1. Da imediata reposição da defasagem salarial (inflação de 2020 e 2021) que já acumula 12%.

  1. Da manutenção das alíquotas progressivas e a não implementação da alíquota de 14% no desconto salarial ao SIMPREVI;
  1. Da manutenção das regras de aposentadoria e pensão em vigor na LOM e na LC n° 131/2001.
  1. Da suspensão da segunda votação da Emenda 158/2021 à LOM e a abertura de uma mesa de negociação entre a Administração Municipal, o Sindicato, o Conselho de Gestão do SIMPREVI e a Câmara de Vereadores, para fazermos um profundo estudo do SIMPREVI e construirmos de forma dialogada e acordada entre todas as partes, com debate e a aprovação das eventuais alterações necessárias em assembleia dos servidores municipais ativos, aposentados e pensionistas, respeitando também os direitos e a vida dos servidores municipais e não só os interesses dos agentes políticos. Os servidores municipais também são cidadãos e cidadãs desse Município e uma das principais forças produtivas da nossa economia e do nosso desenvolvimento; temos o direito de conhecer e participar das decisões que afetam diretamente nossas vidas.

É o SIMPREVI que tem financiado o Município e a segregação de massas é um duplo calote: nos servidores municipais e na prefeitura.

                                             

            Hoje, as responsabilidades previdenciárias do Município são todas do SIMPREVI. Os segurados do SIMPREVI, em 31/12/2020, formavam um universo de 4.815 chapecoenses (sendo 67% mulheres): 3.530 servidores ativos (média de 42 anos e R$ 4.007,00 de remuneração permanente), 1.064 aposentados (média de 63 anos e R$ 3.868,00 de aposentadoria) e 221 pensionistas (média de 64 anos e R$ 2.434,00 de pensão).

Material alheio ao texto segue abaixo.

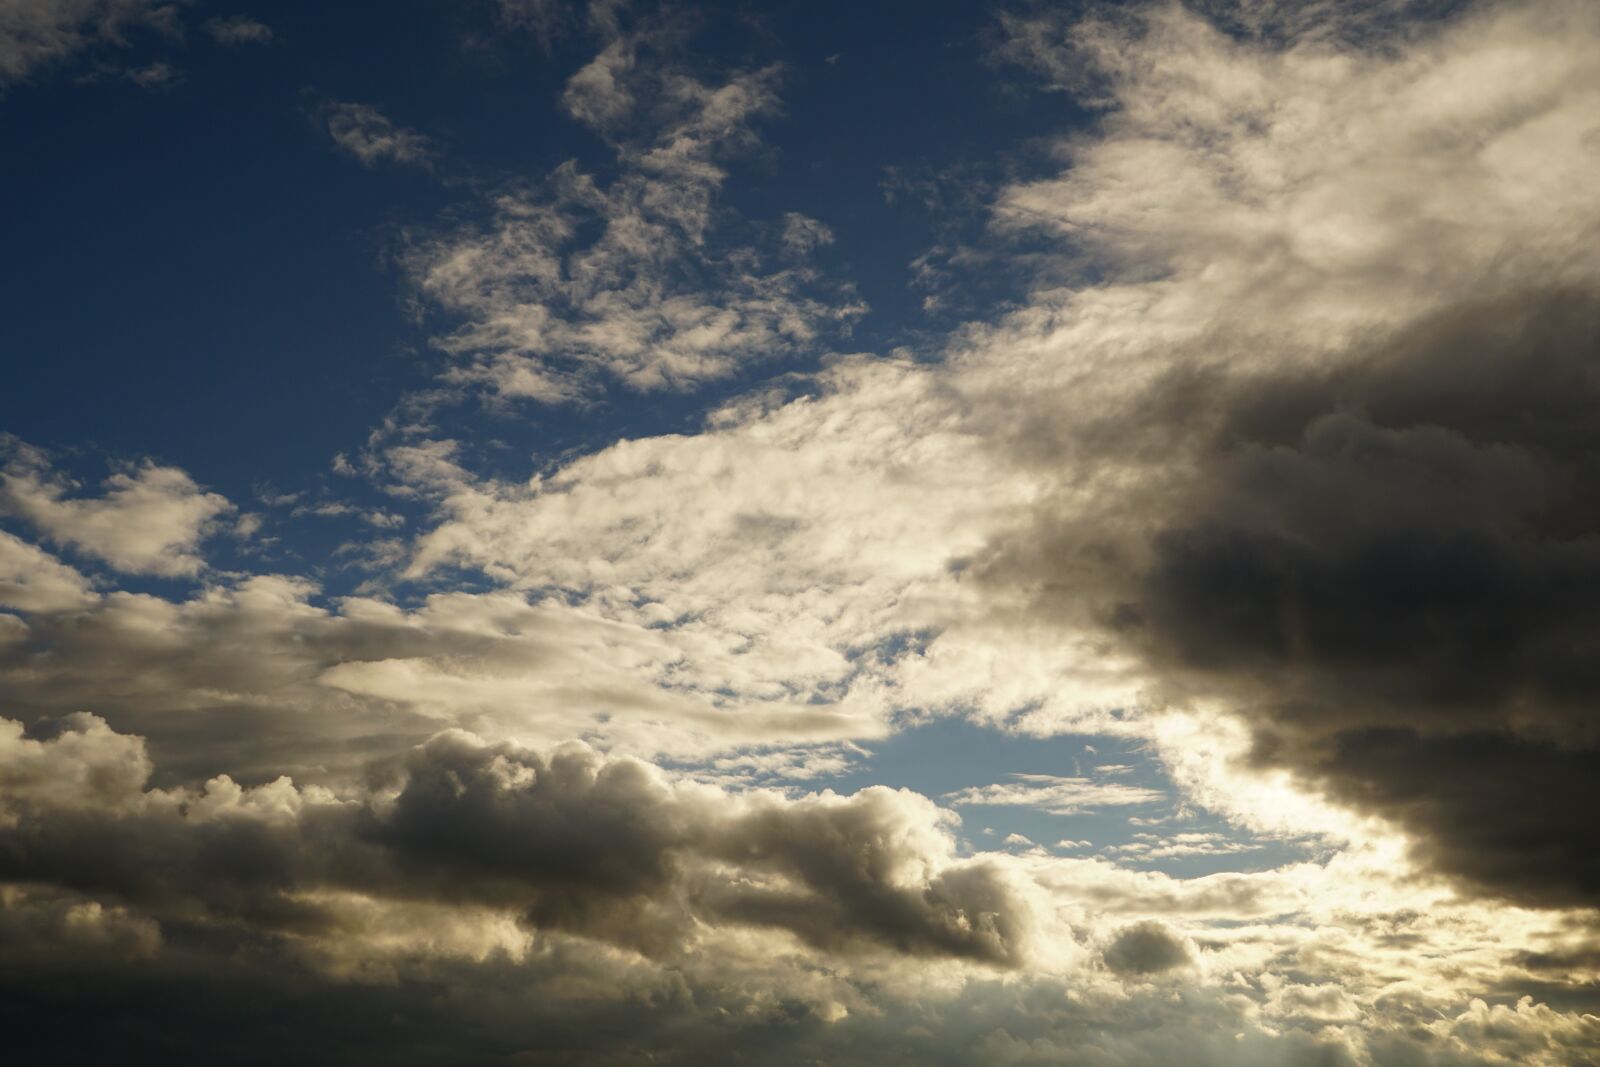 Sony a6300 + Sony Vario Tessar T* FE 24-70mm F4 ZA OSS sample photo. Clouded sky, sky, cumulus photography
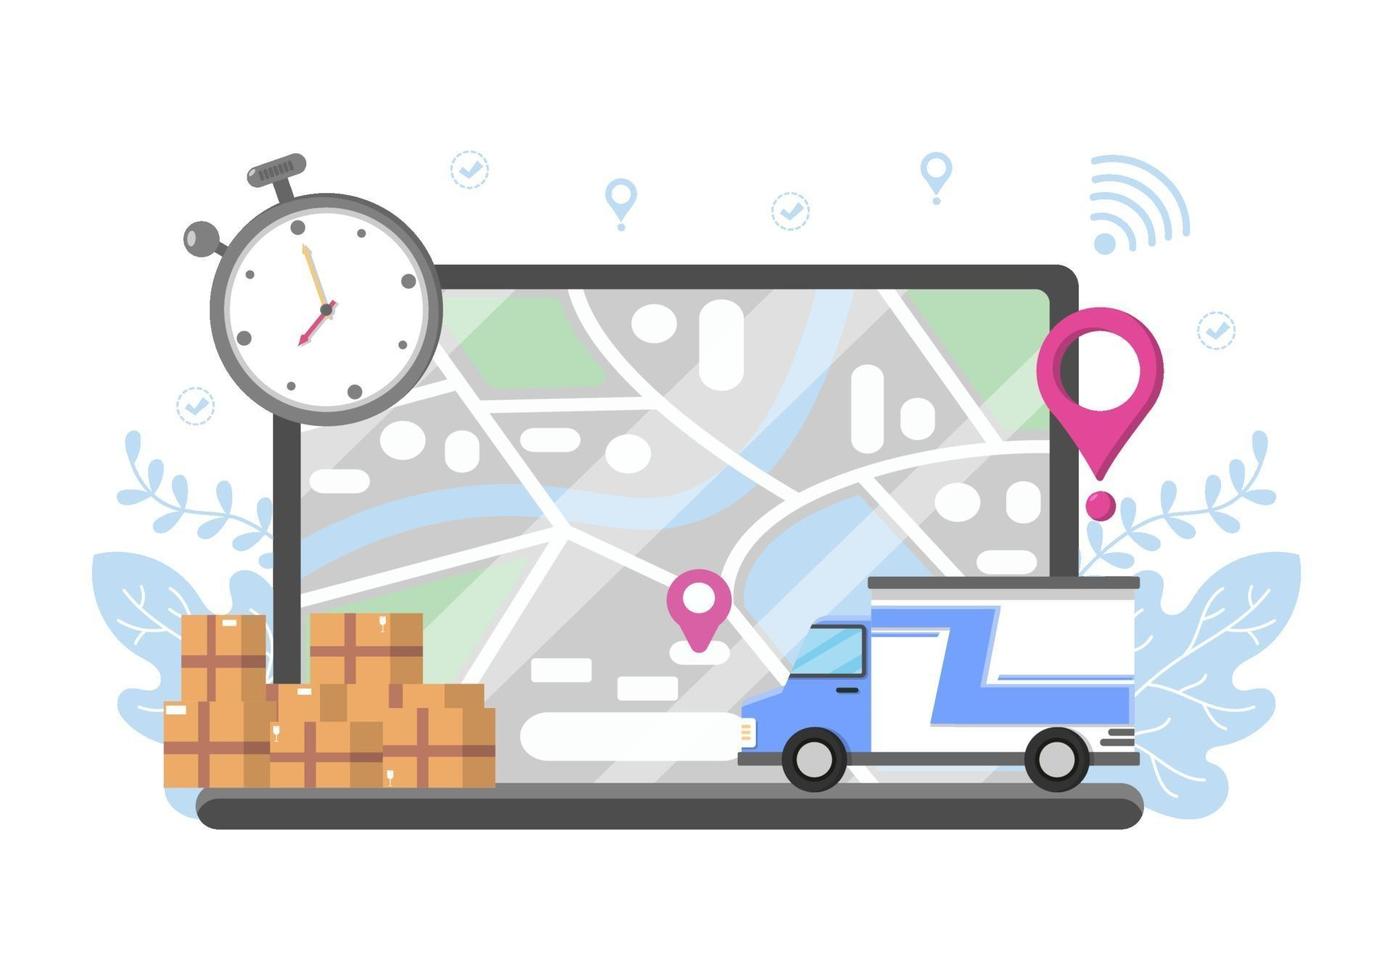 illustration plate de la livraison en ligne pour le suivi des commandes, le service de messagerie, l'expédition de marchandises, la logistique urbaine à l'aide d'un camion ou d'une moto vecteur

            A receita mensal (com base de abril de 2020) era de R$ 2,9 milhões da contribuição patronal normal (22%) e R$ 218 mil da contribuição patronal complementar (4,20%); R$ 1,4 milhão da contribuição dos servidores ativos (11%) e R$ 34 mil dos aposentados e pensionistas (11% sobre o excedente ao teto do INSS). No total mensal, uma receita de R$ 4,6 milhões e uma despesa de R$ 4,2 milhões, com sobra mensal de R$ 442 mil.

            Em 31/12/20 o SIMPREVI tinha um ativo (poupança) de R$ 365,1milhões, sendo R$ 81,5 milhões em dívida parcelada da prefeitura, dos quais, R$ 54,9 milhões da contribuição patronal de 2020, permitido o parcelamento pela LC 173/2020. A previsão orçamentária de 2021 é de uma receita total (contribuições e rendimento do ativo) de R$ 106,0 milhões e uma despesa de R$ 66 milhões, com uma sobra para acumulo de poupança de R$ 40,0 milhões.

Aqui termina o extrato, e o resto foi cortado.